Cam will just have to deal with it. It's as simple as that.

"Just spit it out, Bones. And stop staring at me."

She grinds her teeth and Booth feels malicious satisfaction, because he needs to see how far he can push her until she's as angry and hurt as he is. He needs to see them back on even ground. He hates this Temperance Brennan who is grounded and one with her feelings and his feelings and is friggen difficult as hell to manipulate into a good old screaming match.

"We need to stop at my apartment before going to the Jeffersonian." Brennan squares her shoulders and the words come out crisply. Business like. It's a tone he usually accepts and she hopes he'll just do as she says without turning it into a war, but one look at his disgruntled, disbelieving expression tells her that it's not going to happen.

"Are you kidding?"

"It will take us five minutes out of our way, Booth," Brennan says reasonably. "It's hardly worth getting upset over."

"I already got off the highway. You couldn't have said something three minutes ago before I took the exit?"
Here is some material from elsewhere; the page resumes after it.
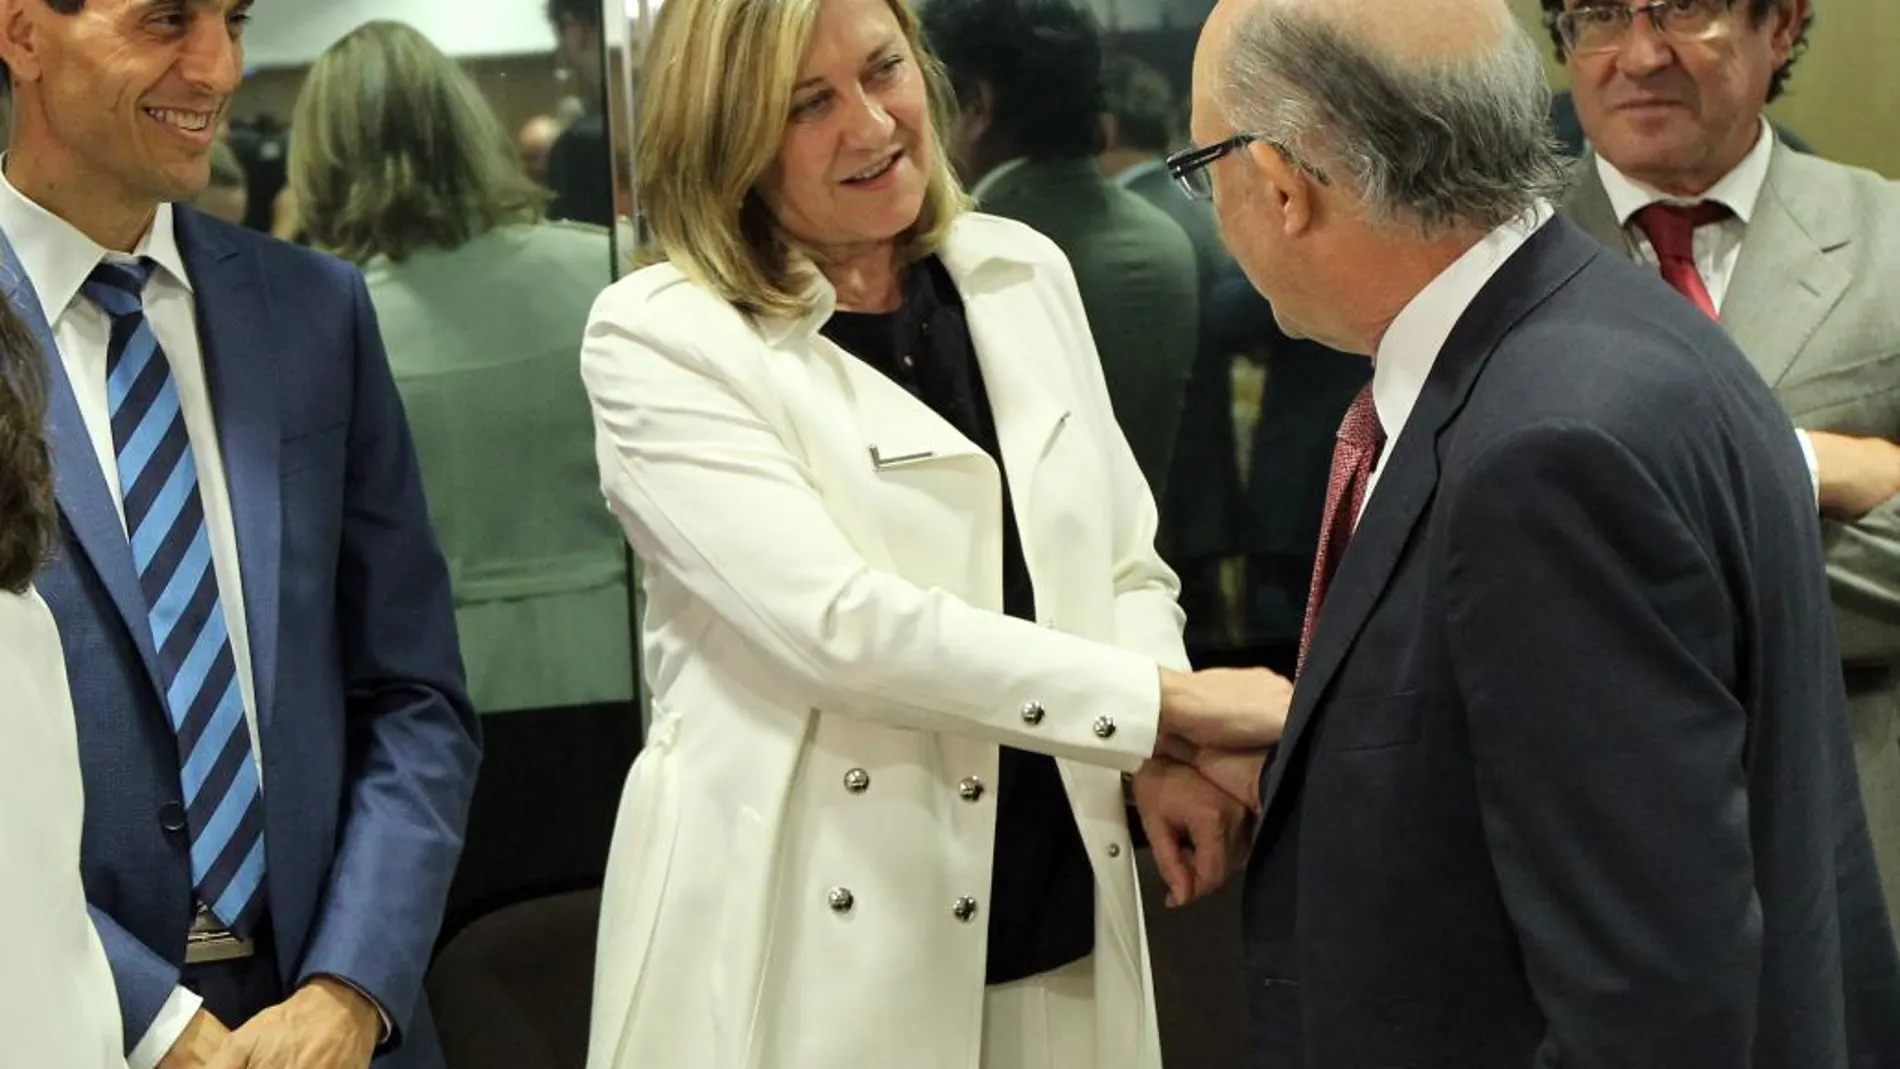 La consejera de Economía y Hacienda, Pilar del Olmo, saluda al ministro Montoro, momentos antes de empezar el Consejo de Política Fiscal y Financiera

"The highway wouldn't have made a marked difference in our time. Statistically, if the distance is under-

"Alright, whatever. I'm going, okay?"

Brennan's face softens and suddenly she's digging around in her purse. When she finds what she's searching for, a small noise of victory comes from her mouth.

"Here." She twists the cap off the pill bottle and waits for him to take it. "I'm sure the relieving effects of the Aspirin you took this morning have long since faded. These should marginally improve your comfort."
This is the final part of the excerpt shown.